- **What the task asks**
Look below for the line that contains "Ulturgasheva among the reindeer", then copy it and each following line exactly, through and including the line that contains "Золота дзиґа 2019".

- **Source records**

== Segment start ==

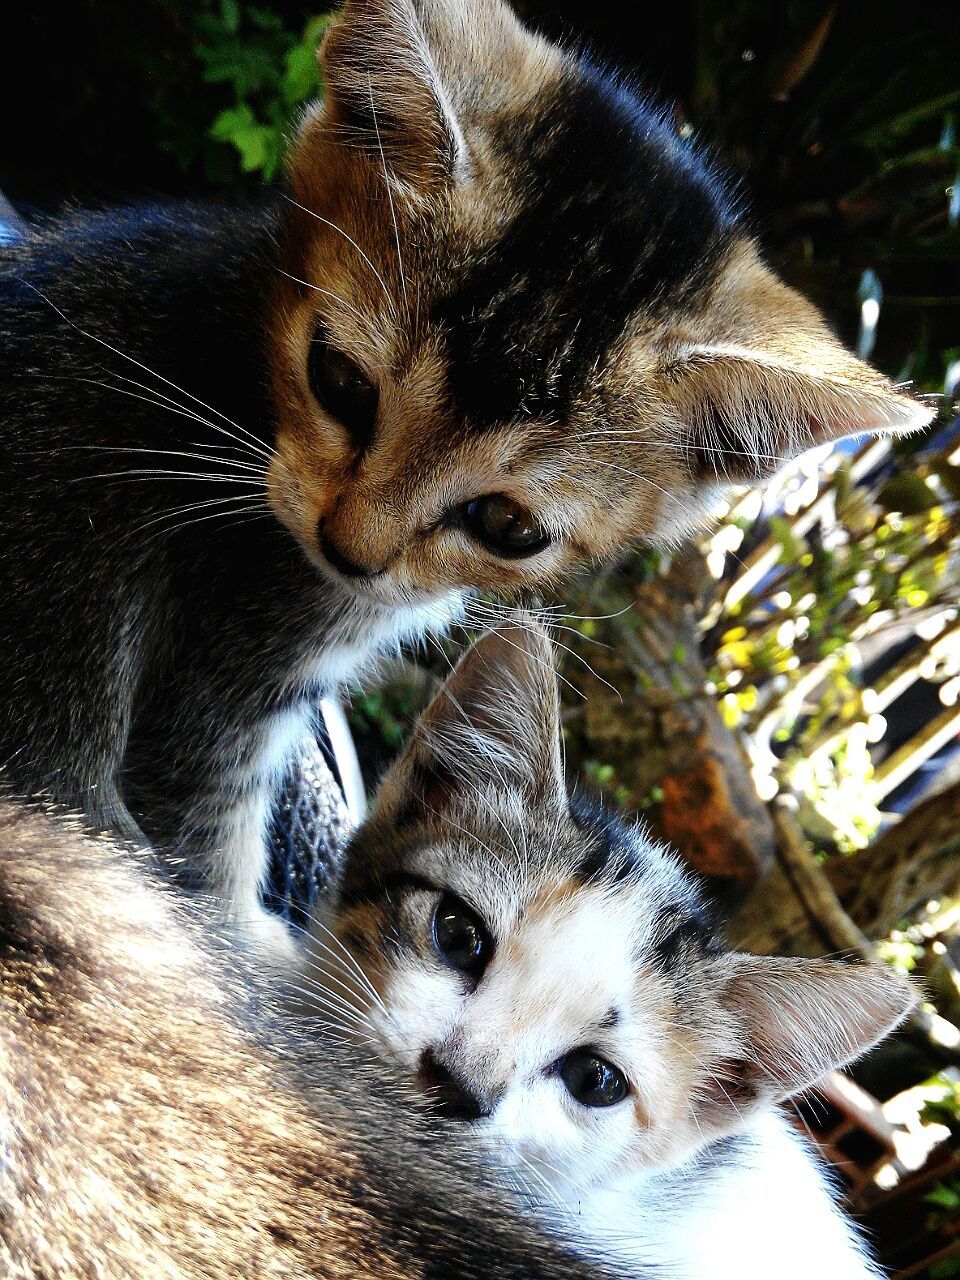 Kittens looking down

== Segment end ==
== Segment start ==

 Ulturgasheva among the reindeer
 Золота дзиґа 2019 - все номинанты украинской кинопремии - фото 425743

== Segment end ==

- **Worked solution**
 Ulturgasheva among the reindeer
 Золота дзиґа 2019 - все номинанты украинской кинопремии - фото 425743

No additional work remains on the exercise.